Plaintiff contends that it would be more efficient for the Court to hear the instant case because "this Court is particularly informed regarding the current operation of Wal-Mart stores and the applicable law" due to Magadia. Opp'n at 2. However, the Court previously determined that the instant case is not related to Magadia. See ECF No. 12. The instant case involves claims not at issue in Magadia, and Plaintiff asserts different theories than the plaintiff in Magadia for the claims that do overlap. Specifically, Plaintiff claims that her wage statements were defective because they did not include dates of the pay period, vacation pay earned, and the legal entity of the employer, whereas the plaintiff in Magadia claims that his wage statements were defective because they did not include the correct rate of pay, the rates of pay, the meal premiums paid, and the inclusive dates for which the employee was paid. Compare ECF No. 1 at ¶ 51 with No. 17-CV-62, ECF No. 1-1 at ¶ 31. Moreover, this Court has no more familiarity with California wage and hour law than any other federal district court in California, nor does this Court have any more knowledge of Defendant's operations than the courts in the Central District that also have wage and hour claims against Wal-Mart pending on their dockets. See, e.g., Evans v. Wal Mart Stores, Inc., 17-CV-7641-AB-KK (C.D. Cal.); Prado v. Wal-Mart Stores, Inc., 17-CV-5630-AB-KK (C.D. Cal.); Hamilton v. Wal-Mart Stores, Inc., 17-CV-1415-AB-KK (C.D. Cal.). Thus, the fact that Magadia is pending before this Court is neutral.

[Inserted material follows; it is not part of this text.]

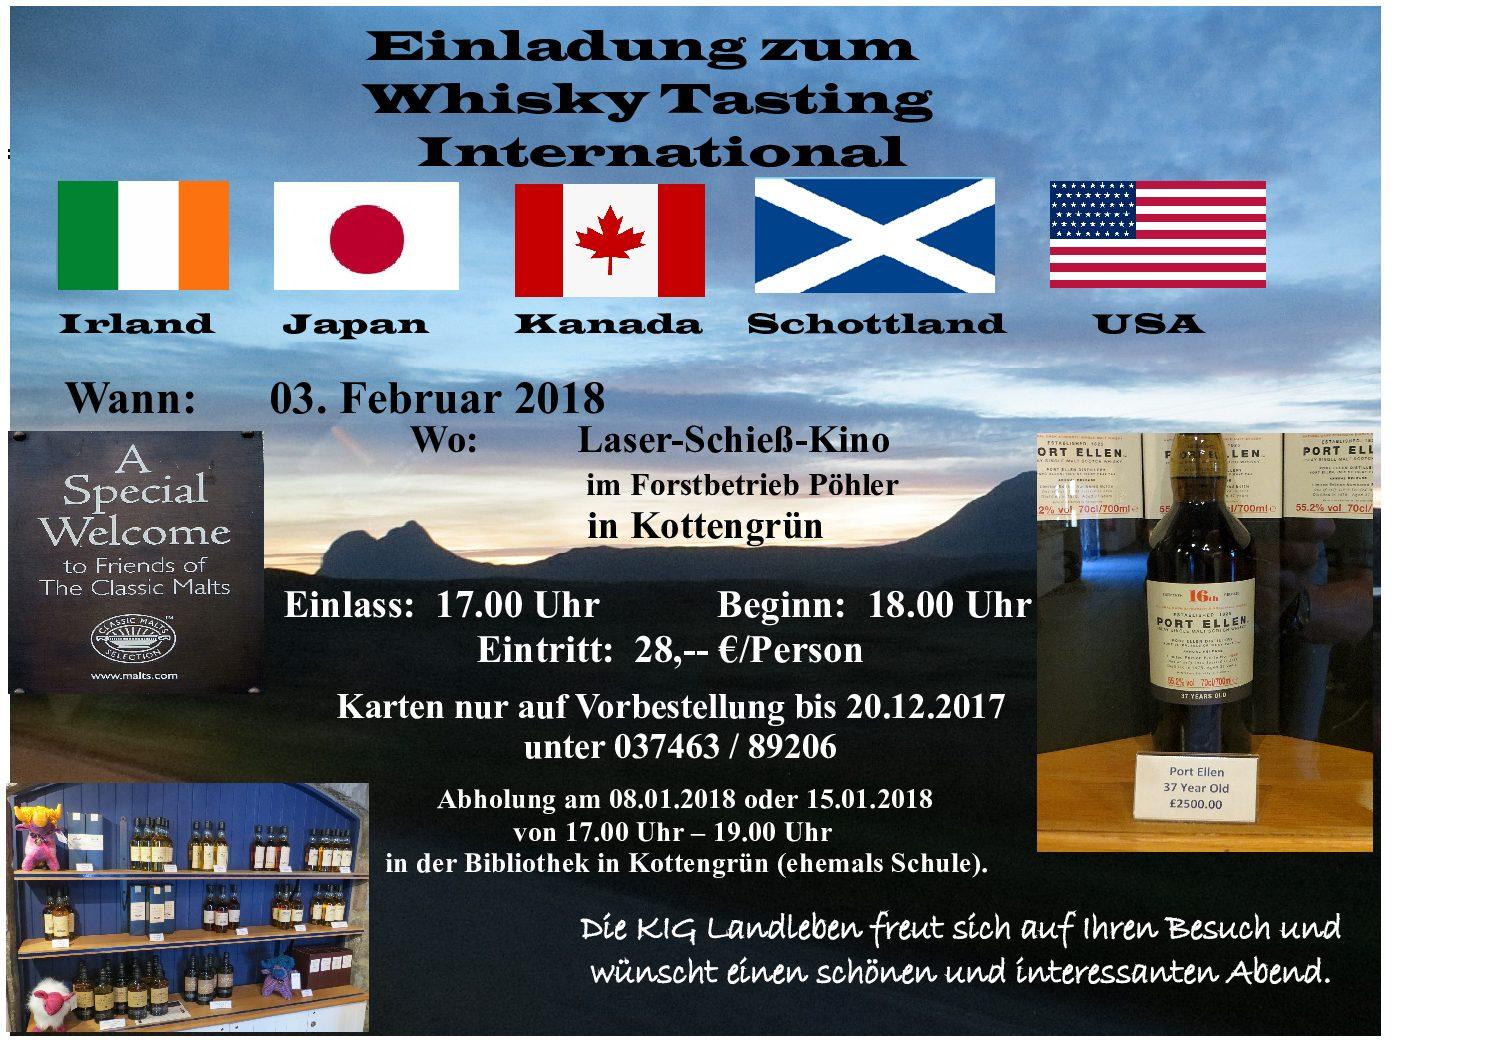 Whisky Tasting International

Finally, with respect to the local interest in deciding local controversies, Defendant argues the Central District's local interest in resolving the controversy is stronger than the Northern District's, even if not substantially so, because the events at issue took place in the Central District. Mot. at 7-8. Plaintiff contends that this factor is neutral because neither district has a greater interest in resolving state-wide claims. Opp'n at 12. In similar circumstances in Arreola, the Court held that the local interest factor supported transfer. Specifically, the Court found that while the Northern and Central Districts would have an equal interest in a certified class's case, the Central District had a greater interest in Arreola's individual claim because the underlying events took place in the Central District. Arreola, 2014 WL 6982571 at *11 (citing Vu v. Ortho-McNeil Pharm., Inc., 602 F.Supp.2d 1151, 1157 (N.D. Cal.2009) (finding that, while the transferee district's interest was not substantially stronger than the transferor's, it "nevertheless remains stronger because the events at issue took place there")). Thus on balance, the Court finds that this factor tips in favor of transfer.

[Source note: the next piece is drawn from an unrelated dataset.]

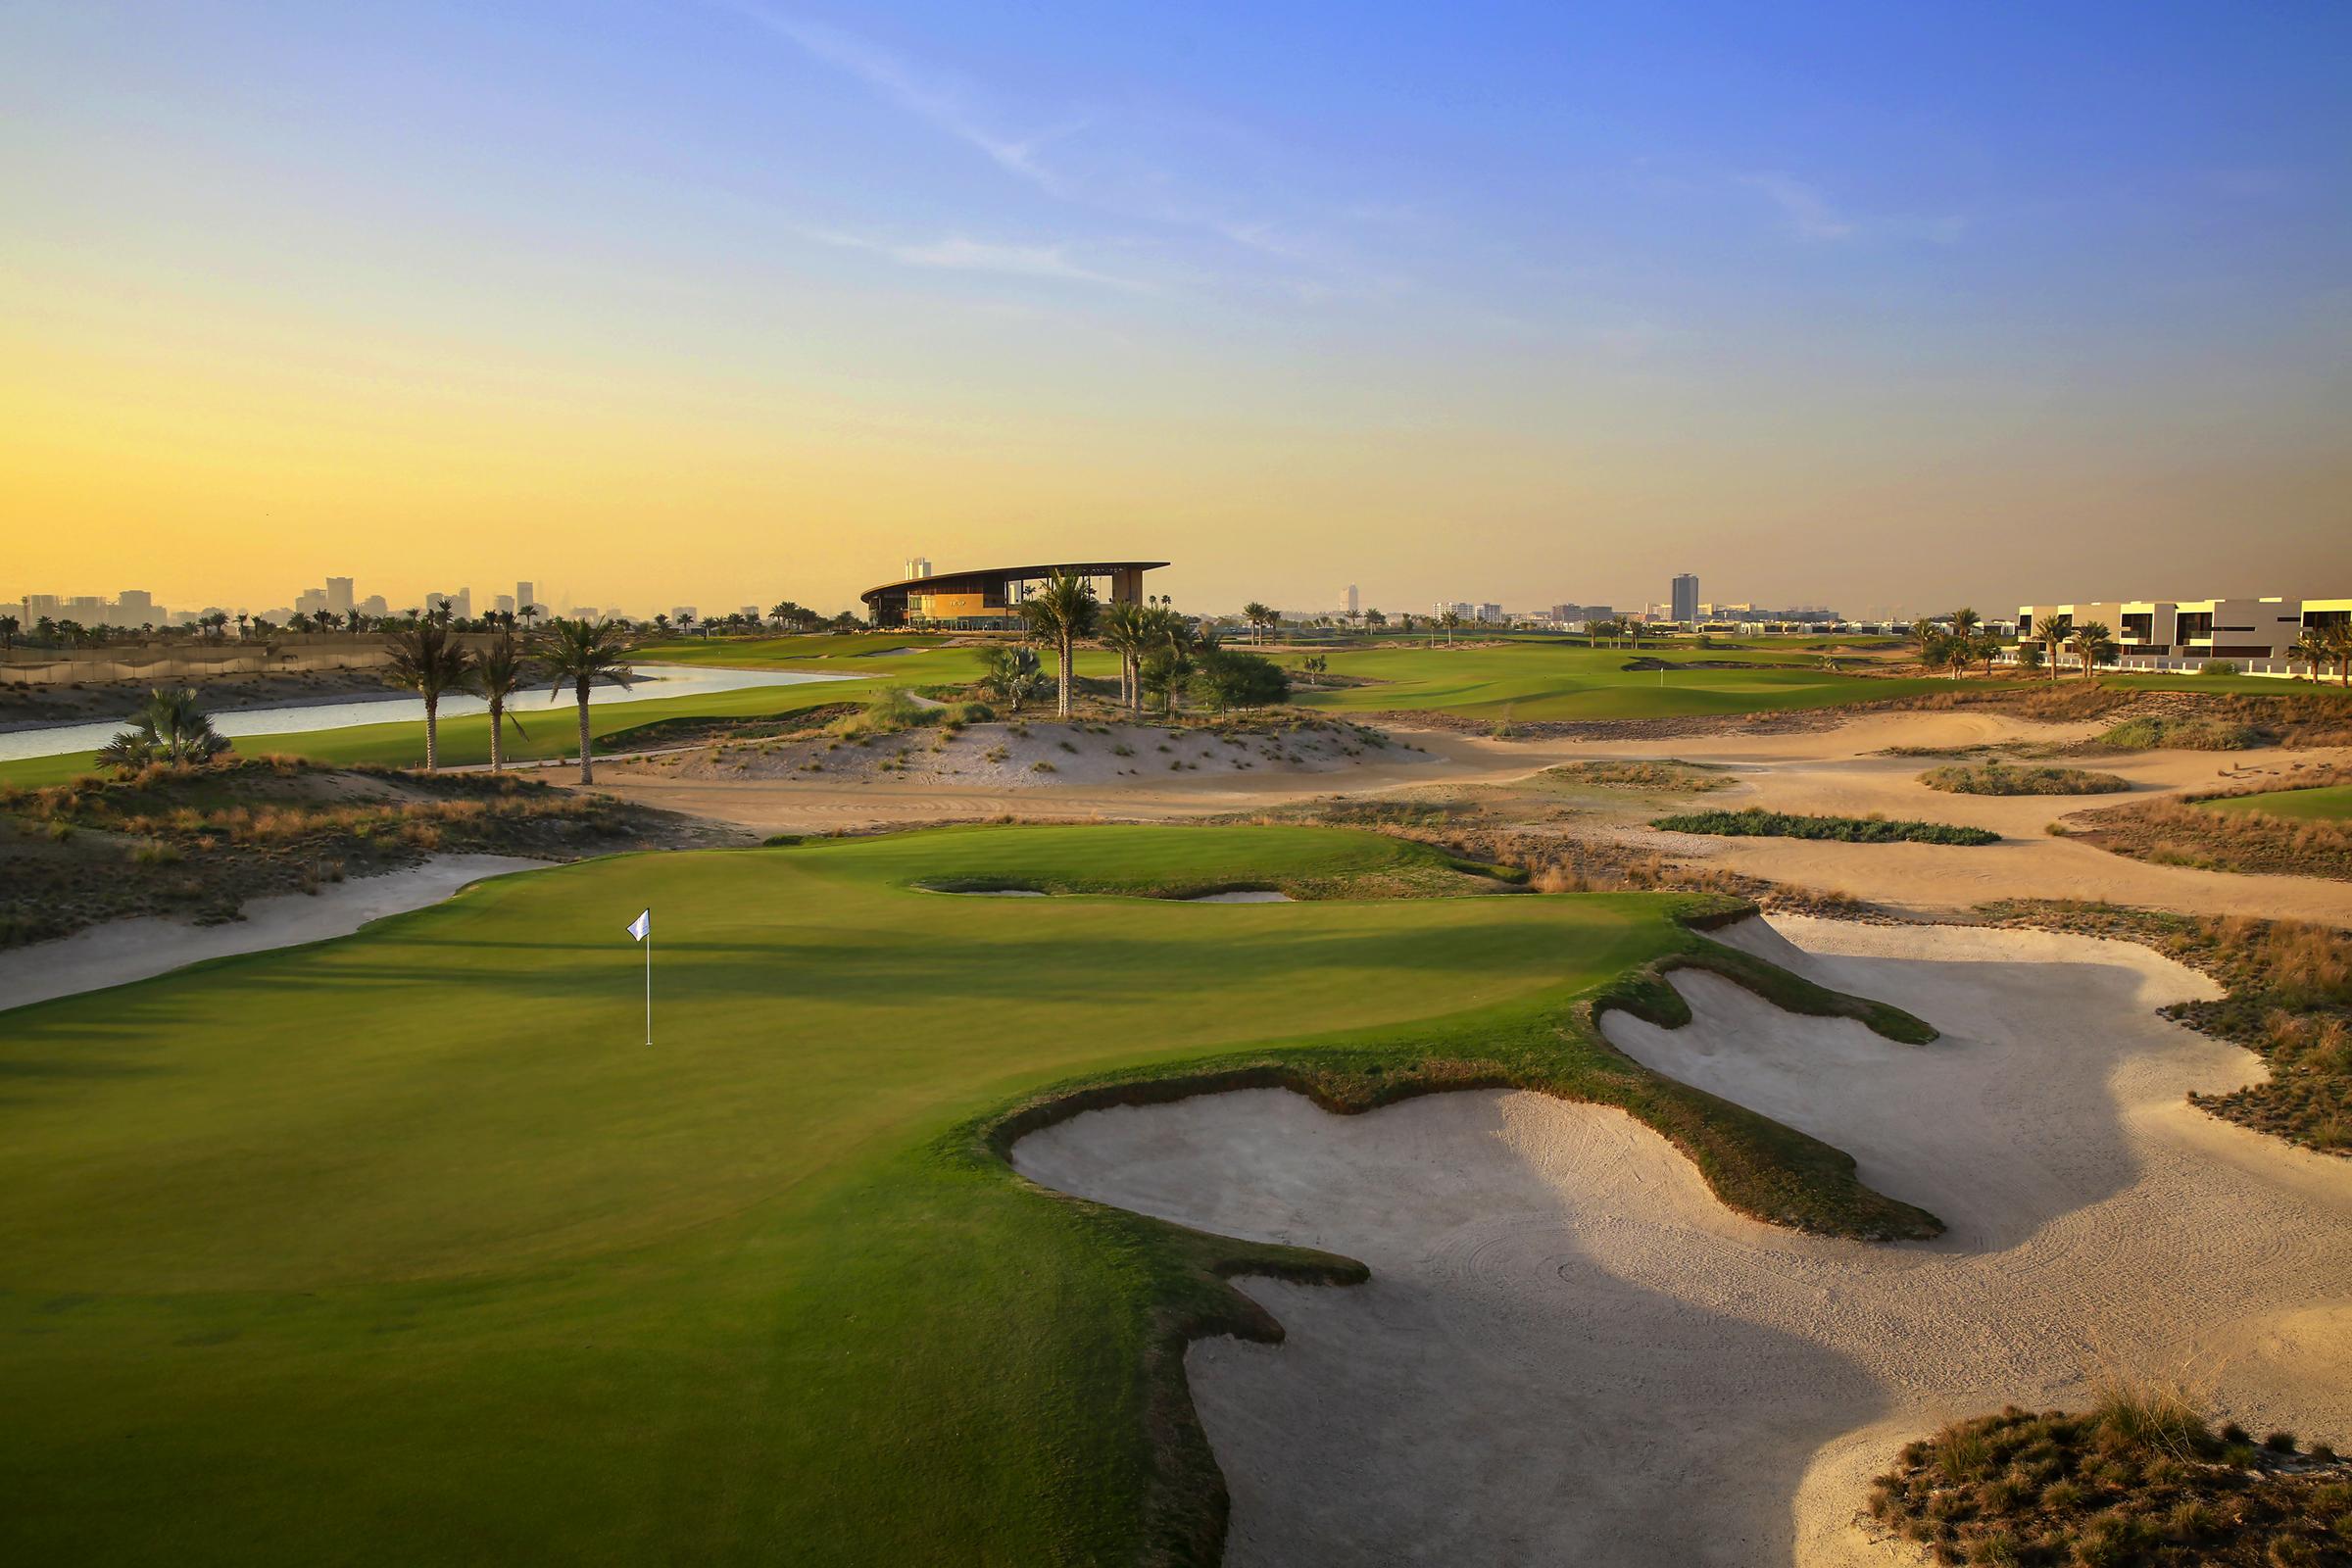 Overview of golf course named Trump International Golf Club Dubai

To summarize, the Court finds that all relevant factors either favor transfer to the Central District or are neutral. Thus, on balance, the factors weigh in favor of transfer. The Court therefore GRANTS Defendant's motion to transfer to the Central District of California.

IV. CONCLUSION

For the foregoing reasons, Defendant's motion to transfer venue to the Central District of California is GRANTED. The Court shall transfer the case to the Central District of California and shall close the file in this district.

IT IS SO ORDERED.

FootNotes


1. All ECF citations are to the docket in the instant case, No. 17-CV-7174, unless otherwise specified.
2. The Court takes judicial notice of the statistics published on the website of the Administrative Office of the U.S. Courts. See Gerritsen v. Warner Bros. Entertainment Inc., 112 F.Supp.3d 1011, 1033 (C.D. Cal. 2015) ("Under Rule 201, the court can take judicial notice of "[p]ublic records and government documents available from reliable sources on the Internet," such as websites run by governmental agencies.").